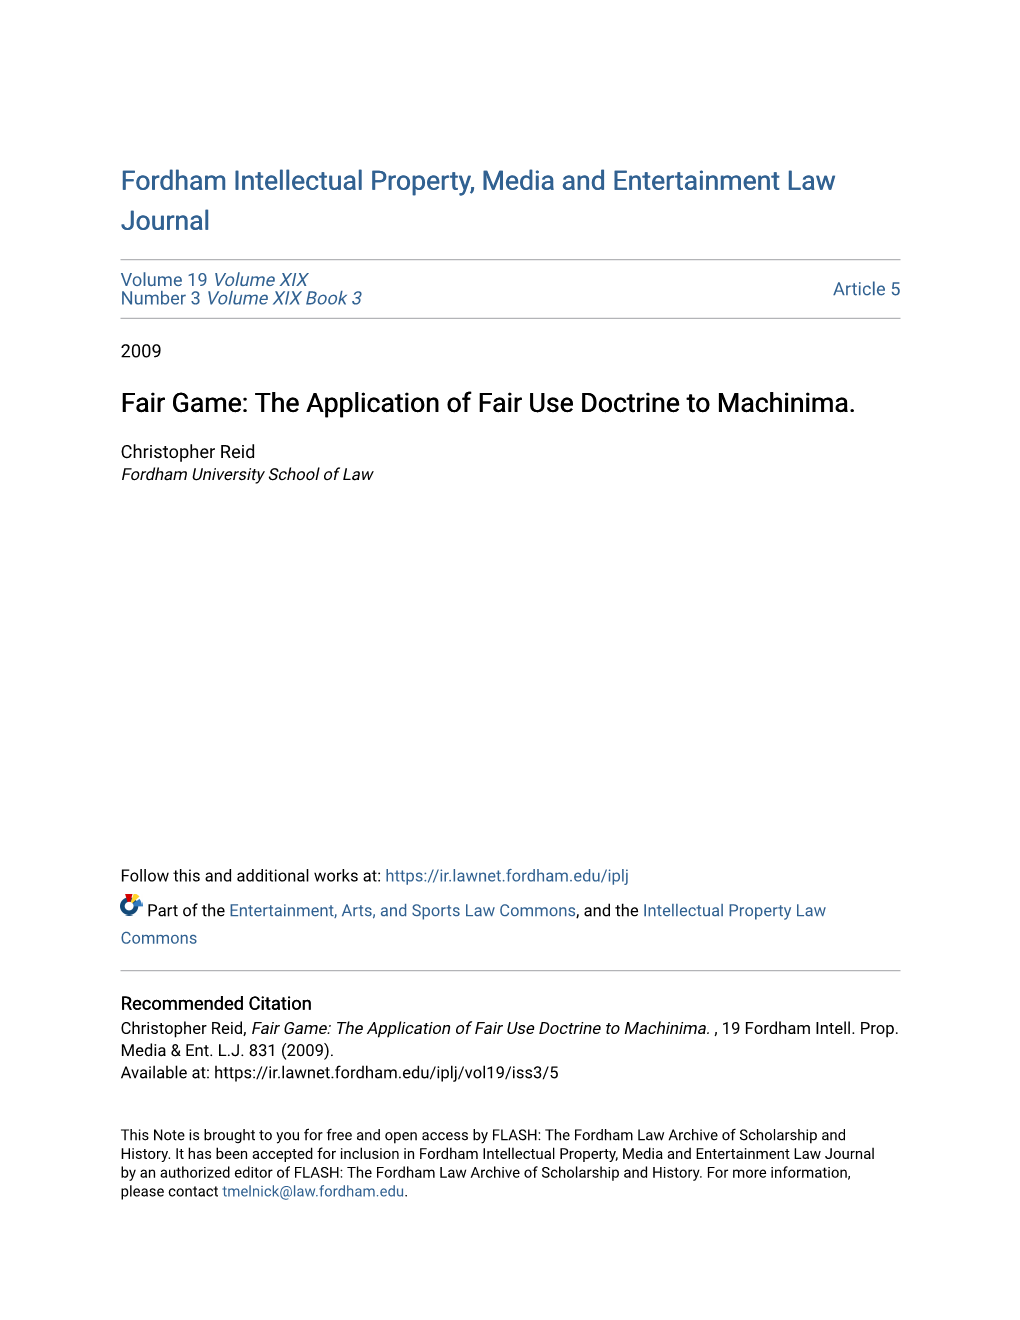 Fair Game: the Application of Fair Use Doctrine to Machinima
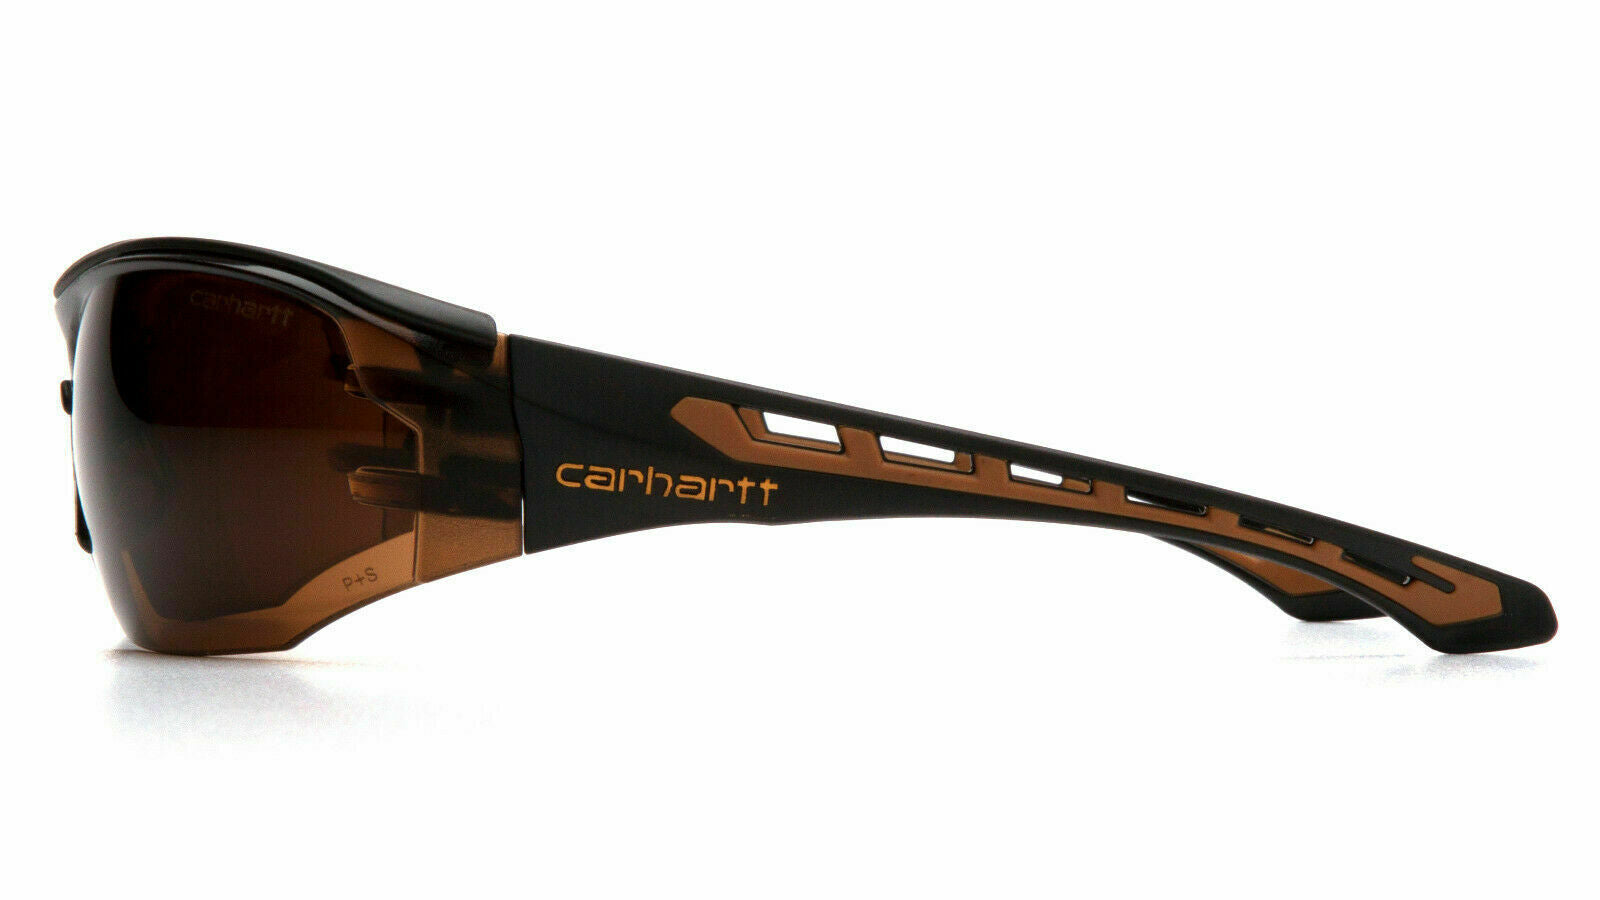 Carhartt Easley Anti-Fog Black Safety Glasses Sunglasses - Lens Options
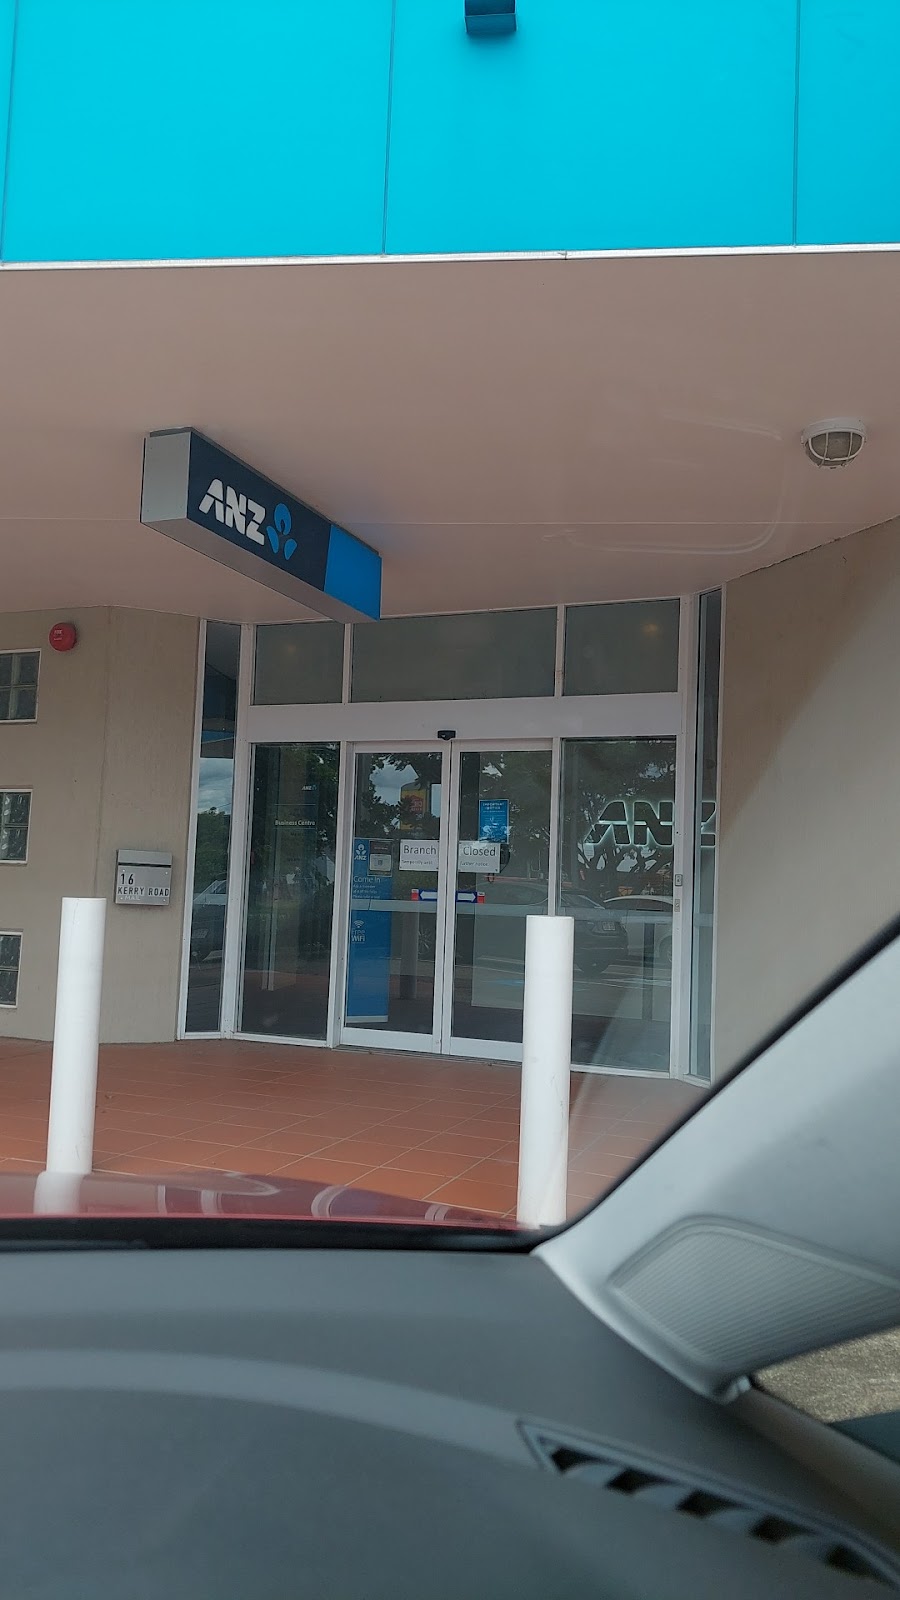 ANZ Branch | bank | 16 Kerry Rd, Acacia Ridge QLD 4110, Australia | 131314 OR +61 131314

- - -

Your task: Please set down the whole listing exactly, apart from the pictures.

Completed exercise:
 Fair Game: the Application of Fair Use Doctrine to Machinima
 Carhartt Easley Anti-Fog Black Safety Glasses Sunglasses - Lens Options
 ANZ Branch | bank | 16 Kerry Rd, Acacia Ridge QLD 4110, Australia | 131314 OR +61 131314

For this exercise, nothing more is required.